Кирилин стоял позади Сакута, привалившись плечом к стволу дуба, прочно угнездившегося на вершине холма. Прищурившись, бургомистр глядел на село и думал, что часа через два — три на месте села останется лишь дымящееся пожарище, которое, обезлюдев, в скором времени порастет бурьяном.
Потом его взгляд остановился на узкой ленте дороги, выползавшей с дальнего конца села. Когда-то, давным-давно, он водил по этой дороге коней к речке на водопой. Он перевел взгляд на молочно-серебристый столб дыма, распустившийся над избой пасечника пышным султаном. В стенах этой избы он увидел свет, и мать, пеленая и баюкая его, пела над ним протяжные, ласковые и наивные песни. Когда это было? Ничего не вспомнить: ни матери, ни отца… И в душе — словно в холодной снежной пустыне ночью. Тихо, темно, безразлично. Что ж… такова жизнь.
Родство, классы, родина, какая ерунда! Кирилин чувствовал себя свободным от этих понятий. Если бы можно было сбросить и последнюю цепь — страх! После публичной казни он не знал от него покоя. Он забросил дом, даже ночевал в горуправе. Спал, не раздеваясь, у себя в кабинете, предпочитая жесткий диван постели своей любовницы — Людмилы Ивановны Громоголосовой. Но чувство обреченности не покидало — в этом заключалась вся беда.

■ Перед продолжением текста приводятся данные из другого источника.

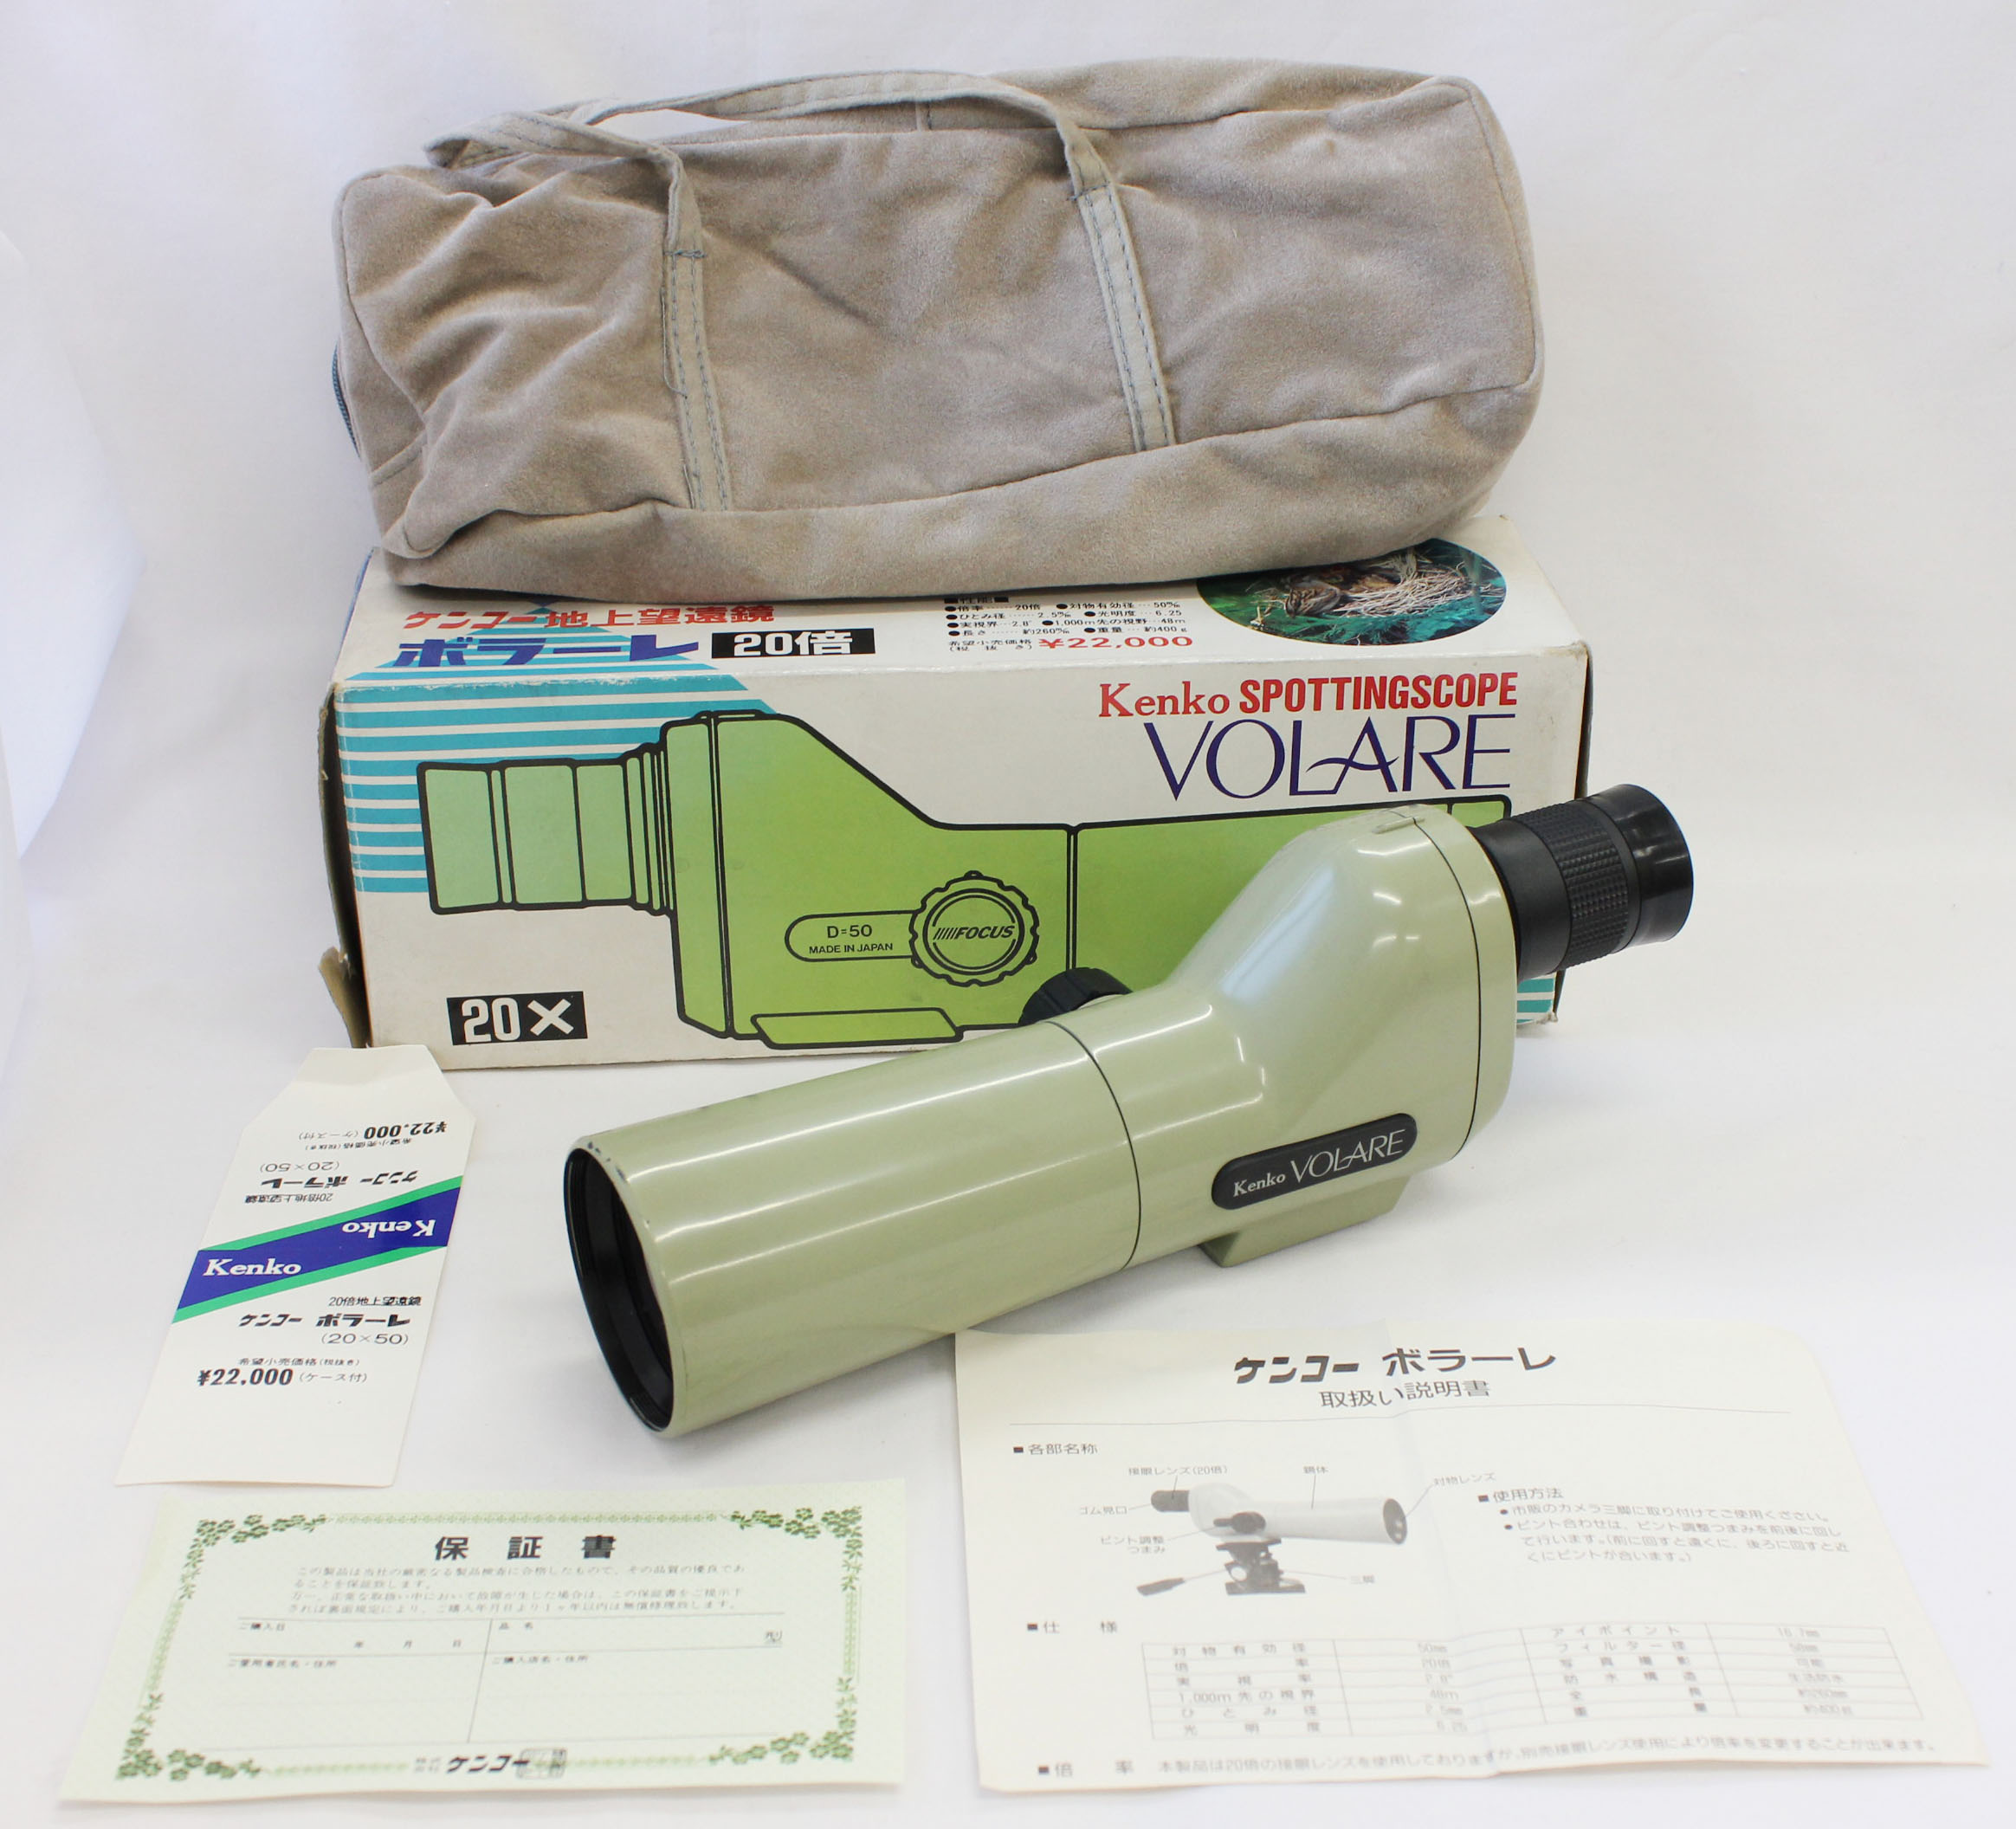 Japan Used Camera Shop | [Excellent+++++] Kenko Volare Spotting Scope 20x D=50 in Case/Box from Japan
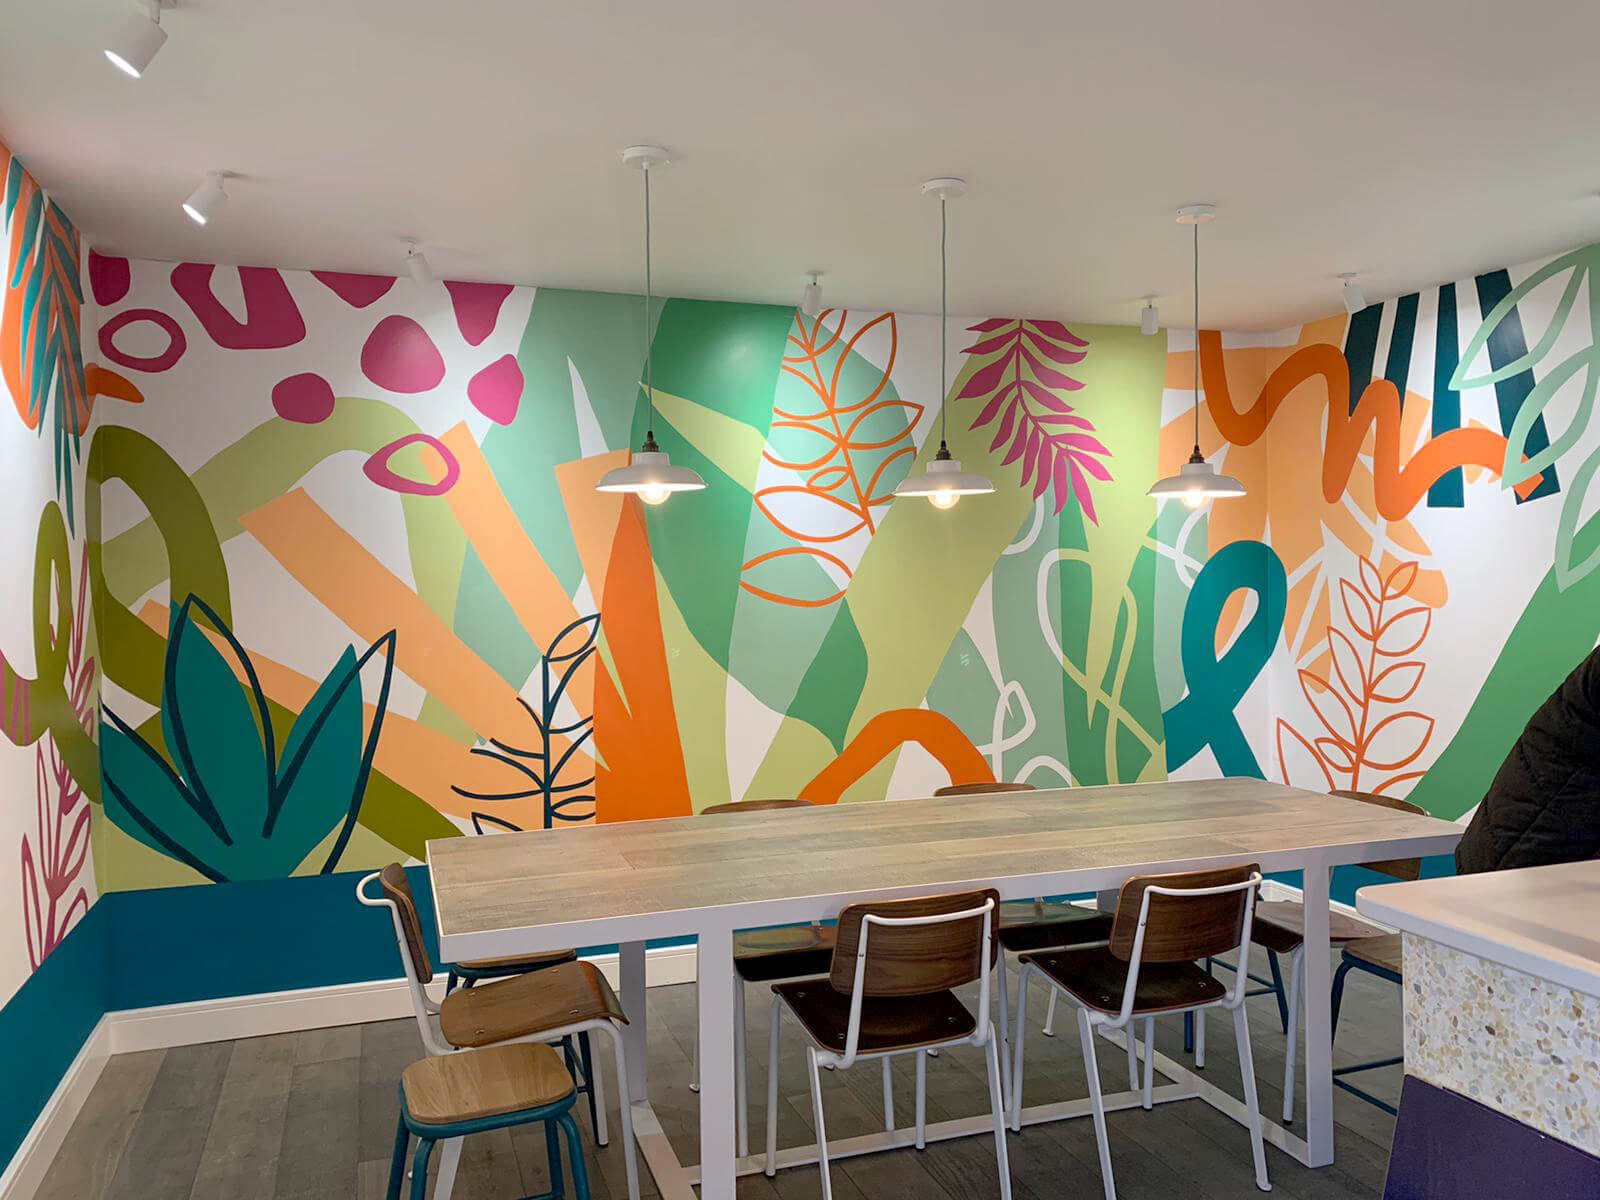 Sophie-Rae-Bakery-Mural-Contemporary-Botanical-abstract-cafe-interior-print-4.jpg

Когда он шел по городу, ему казалось, что его подкарауливают за каждым углом. Всегда и везде его сопровождал полицейский. Кирилин больше никому и ничему не доверял. Из головы не выходила мысль, что вот сейчас, вот сию минуту, ему целятся в затылок. Даже во сне не раз слышал слова Пахарева, брошенные в огромную толпу народа:
— Бургомистр должен умереть!
Просыпаясь, он, казалось, еще улавливал отзвуки этих слов. Всех, кто был на площади, не убьешь. К тому же слова Пахарева стали теперь известны не только в городе, но и далеко за его пределами. Кирилин знал быстроту народной молвы. Задолго до официального и скупого сообщения об отступлении немцев из-под Москвы в городе уже знали и говорили об этом. В той или иной степени в народе знают все, что происходит на самых секретных совещаниях. Народ вездесущ: у него миллионы глаз и ушей. Он все видит и все слышит. Скрыть от него что-либо важное так же немыслимо, как и заставить его молчать. Как-то, доведенный подобными мыслями до исступления, Кирилин взял браунинг, лежавший на краю стола рядом с пустыми бутылками, и не почувствовал безжизненного холода металла. Пальцы плотно и привычно обхватили рукоятку.